In the 1580s, it was Kit Marlowe who, indeed, amazed the very faculties of eyes and ears on the London stage.  Yet if we cannot conclusively determine which way the causal arrows flowed between de Vere and Marlowe, we can instead make a corollary point that there was a synergy akin to the explosive powers of a nucleur fission taking place within the walls of Fisher’s Folly which continued for some time thereafter when Oxford had sold his lease on the house, disbanded his retinue, and moved on to set up a domestic retreat in the suburb of Hackney with his second wife, Elizabeth Trentham.”

Willy’s AfterLife

“What do you say about that, Willy ?”

“He captures the excitement which surrounded Kit’s meteoric rise but he seems to leave out some of the internal tensions between those people who were sometime-residents of Fisher’s Folly.  Roughly speaking, these tensions divided what we called “The Gentlemen Scholars” from “The University Wits”.  In Brooksby’s paper, too many diverse tendencies are lumped together.  Saying that, the man is clearly right in drawing the seminar-people’s attention to Marlowe’s creative genius.  He was unique, exceptional in all he did.  Kit was unfettered.  He followed his own star.  He was a wild and crazy guy who had to live on the edge with danger, in jeopardy.  Not for him, the safety or the security of patronage.  To be sure, he would take money and favours from anyone but he never felt the slightest iota of obligation or reciprocity for what he took.”

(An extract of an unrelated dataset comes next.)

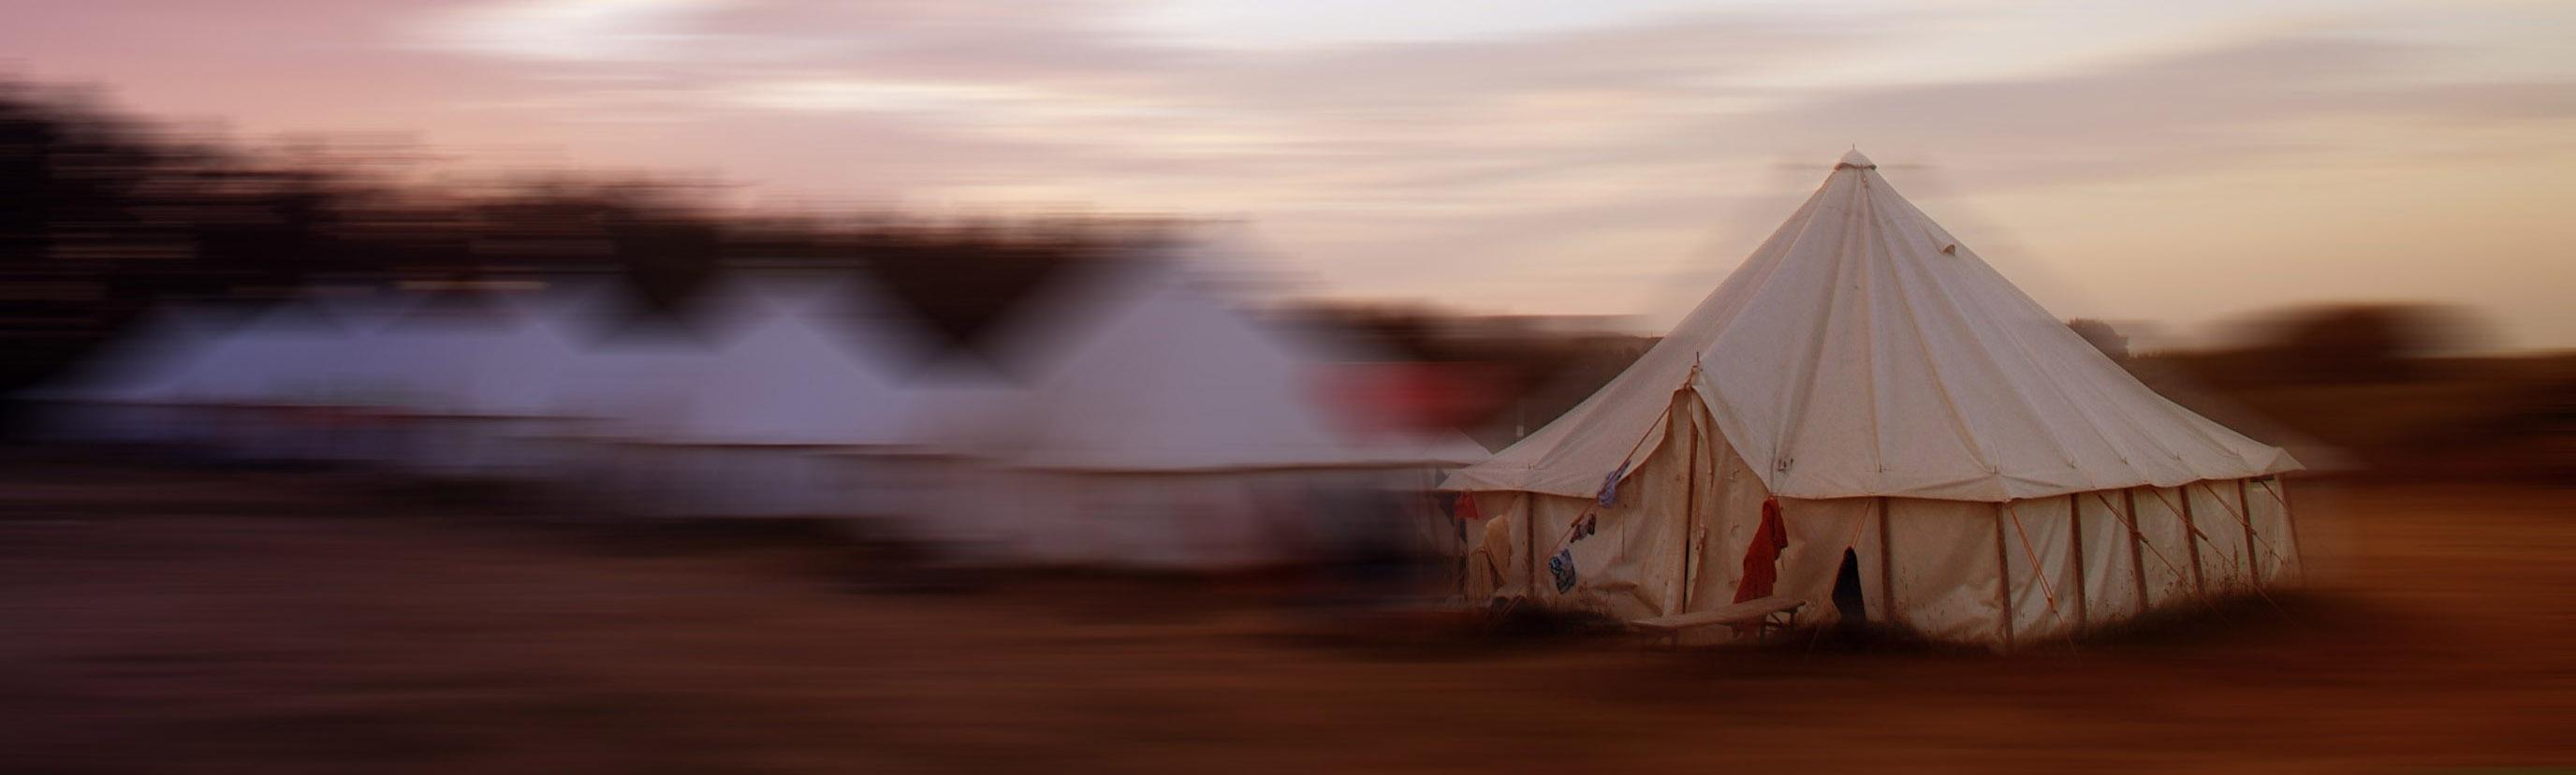 Zeltlager Rantum Zwei
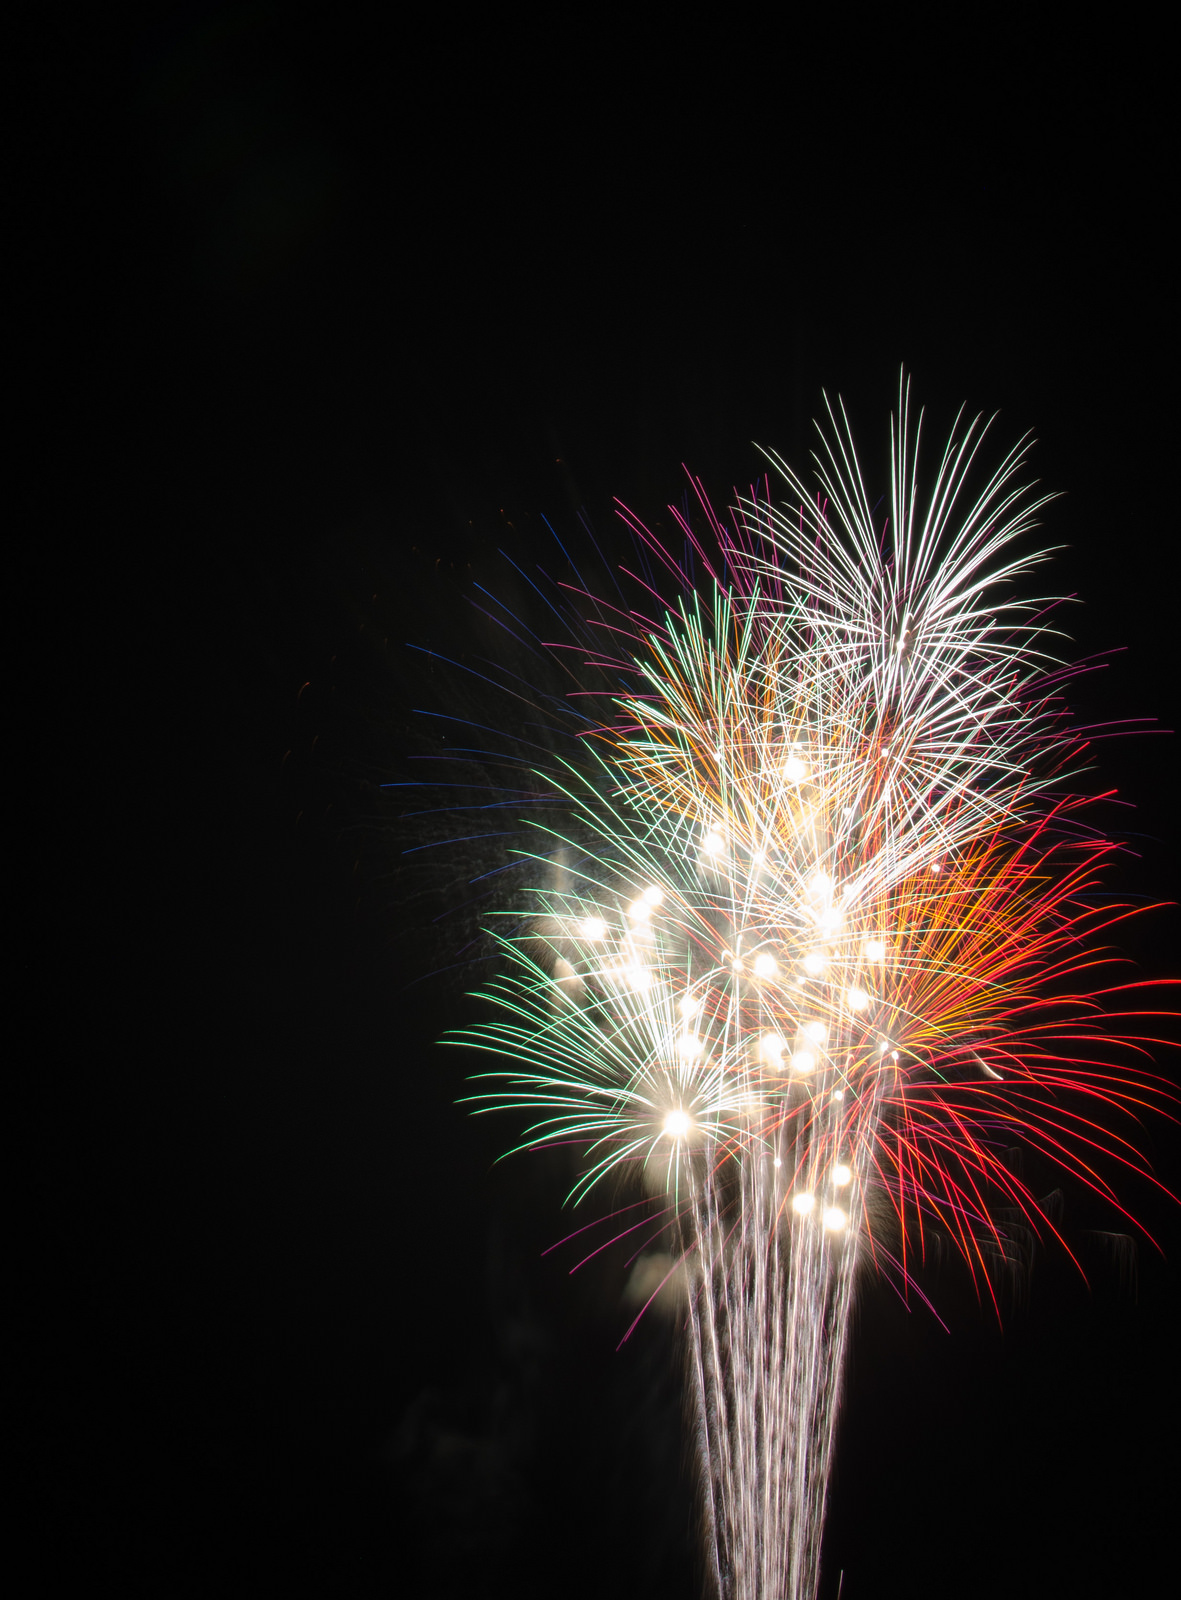 How to Photograph Summer Fireworks NIKON D5100 20140701 0664

“Willy, that man sounds dangerous. And evil, too.”

“You could say that, Bess, but saying that only captures a tiny fragment of his character.”

“I met him when I was first in London.  He was the prince of the demi-monde.  Danger doesn’t really catch his allure.  It was more than that.  He was enthralling, he exuded a kind of magnetic appeal.  I think that the word Willy used – “charisma” – is relevant in describing him.  Kit seemed to be the sum of all possibility for a country bumpkin like me.”

“Me, too.  I was alienated from the strict regimen of Cecil House and here was this young man, with not a jot of reverence or appreciation for subordinated hierarchies.  He was totally, absolutely, and completely uncompromising in his resistance to authority.  The seminar-people use a nice word for that: “transgressive”.  That summons up for me an image of Kit Marlowe, who simply refused to tolerate what he found to be intolerable.  I was too young to have frequented Fisher’s Folly in its heyday, before the Armada.  But I do recall crossing paths with him on several occasions in the next few years when his reputation was the envy of all alientated youngsters like me.  His “transgressive” appeal hardly accepted class boundaries.”

“That’s true, Henry, Kit might have been a craftsman’s son and a scholarship boy, but he never accepted that a man’s origins had much to do with his innate worth.  For me, that was difficult to deal with because I had been brought up with a strong sense of privilege.  Like Will, in that way, Kit had had to struggle for anything and everything he could lay his hands on in LifeOnEarth.”

“Did you trust him, then, Willy ?”

“Oh, Bess, no one “trusted” Kit Marlowe !  If you did trust him then you’d be sorry.”